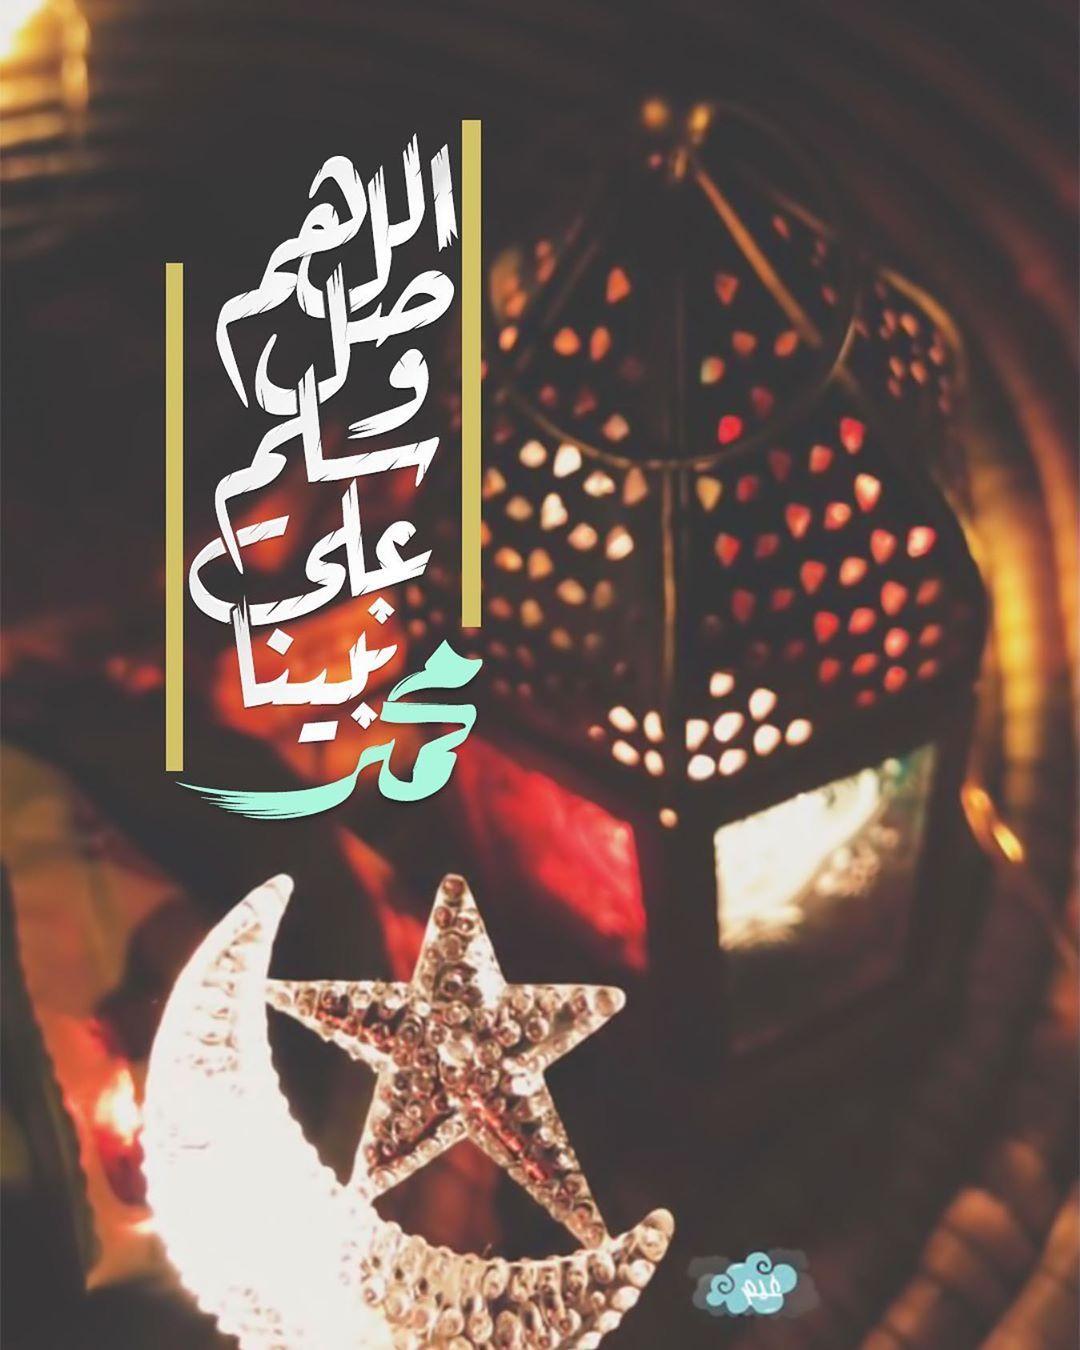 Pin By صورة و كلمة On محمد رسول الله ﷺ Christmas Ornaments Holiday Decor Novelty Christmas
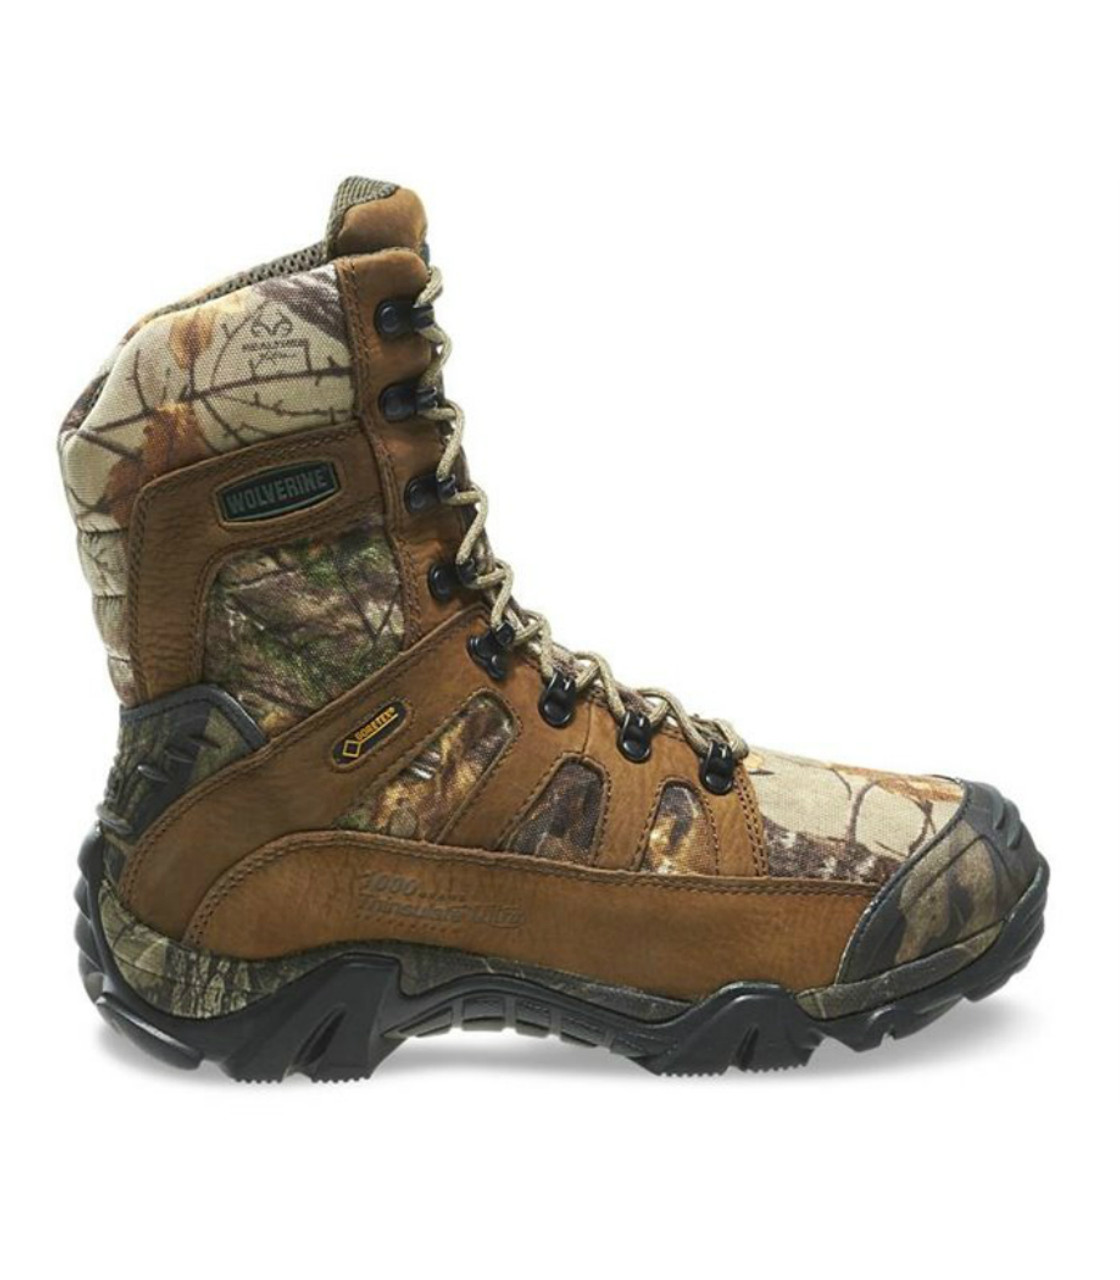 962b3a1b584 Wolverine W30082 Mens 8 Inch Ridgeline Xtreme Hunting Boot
...
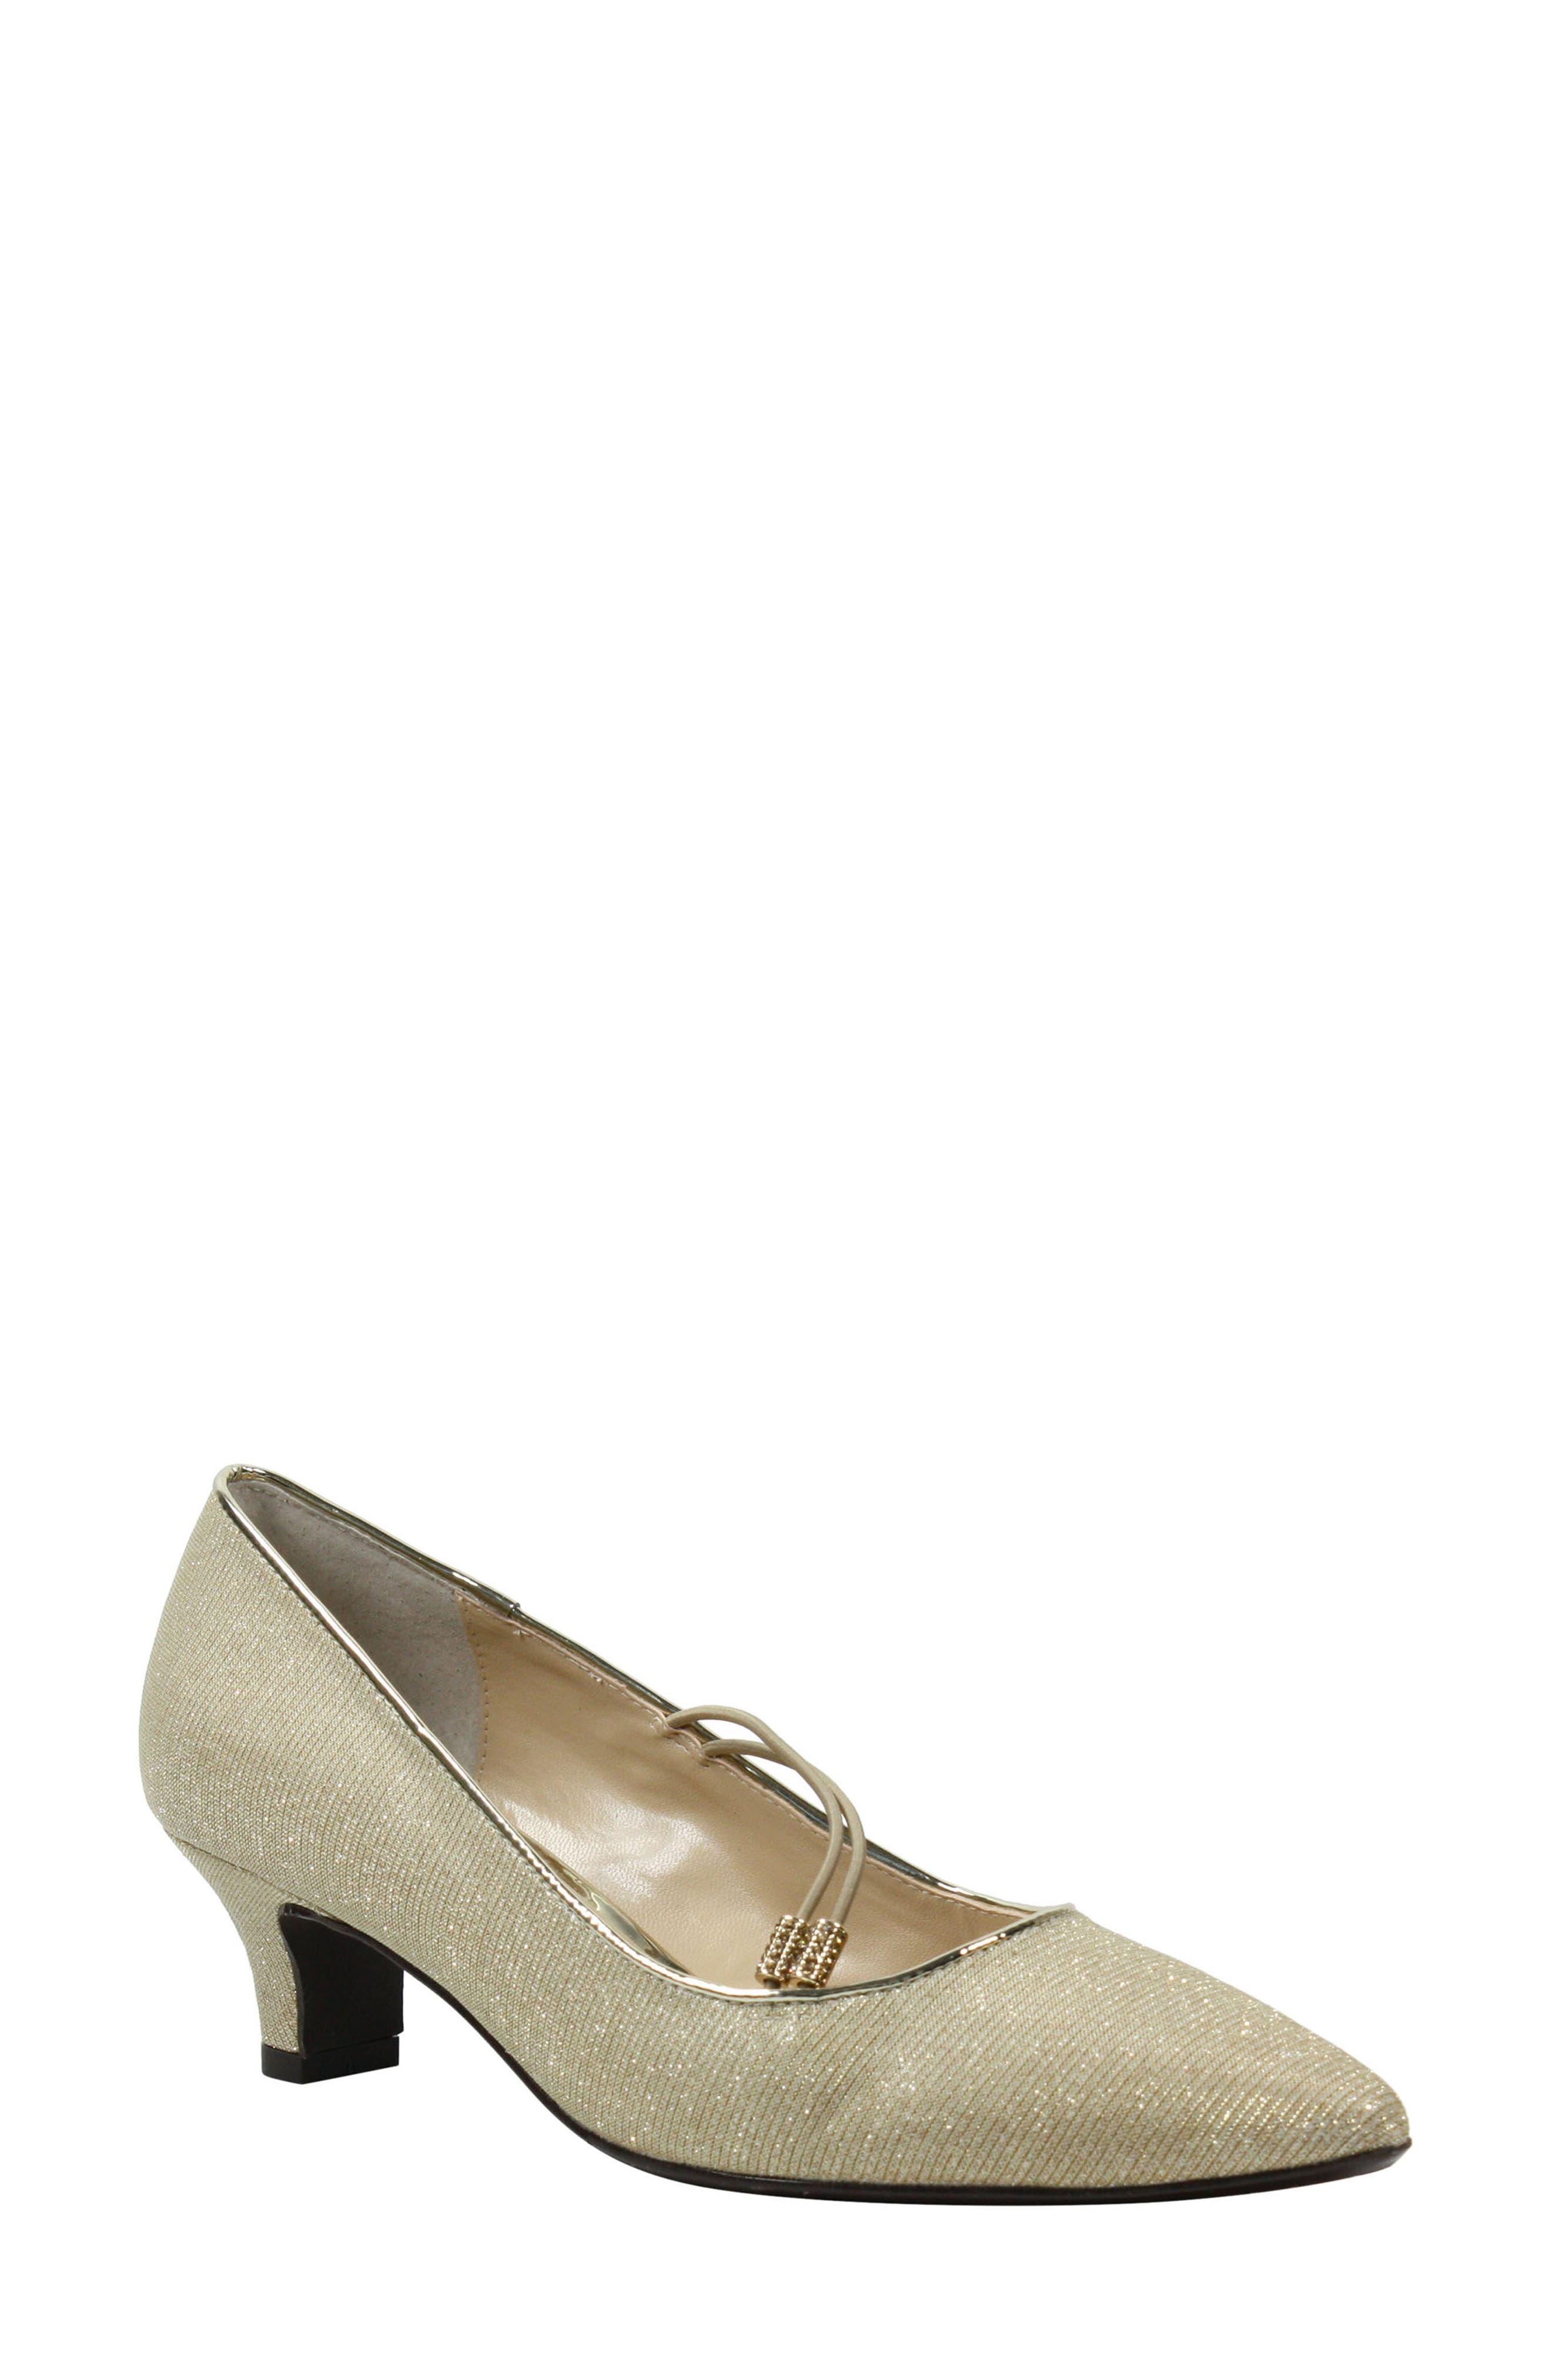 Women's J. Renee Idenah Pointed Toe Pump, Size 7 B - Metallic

> _Work order_
Write out exactly the lines above between the one with "Pin By صورة" and the one with "962b3a1b584 Wolverine W30082", inclusive, with pictures left out.

> _Output for this task_
 Pin By صورة و كلمة On محمد رسول الله ﷺ Christmas Ornaments Holiday Decor Novelty Christmas
 962b3a1b584 Wolverine W30082 Mens 8 Inch Ridgeline Xtreme Hunting Boot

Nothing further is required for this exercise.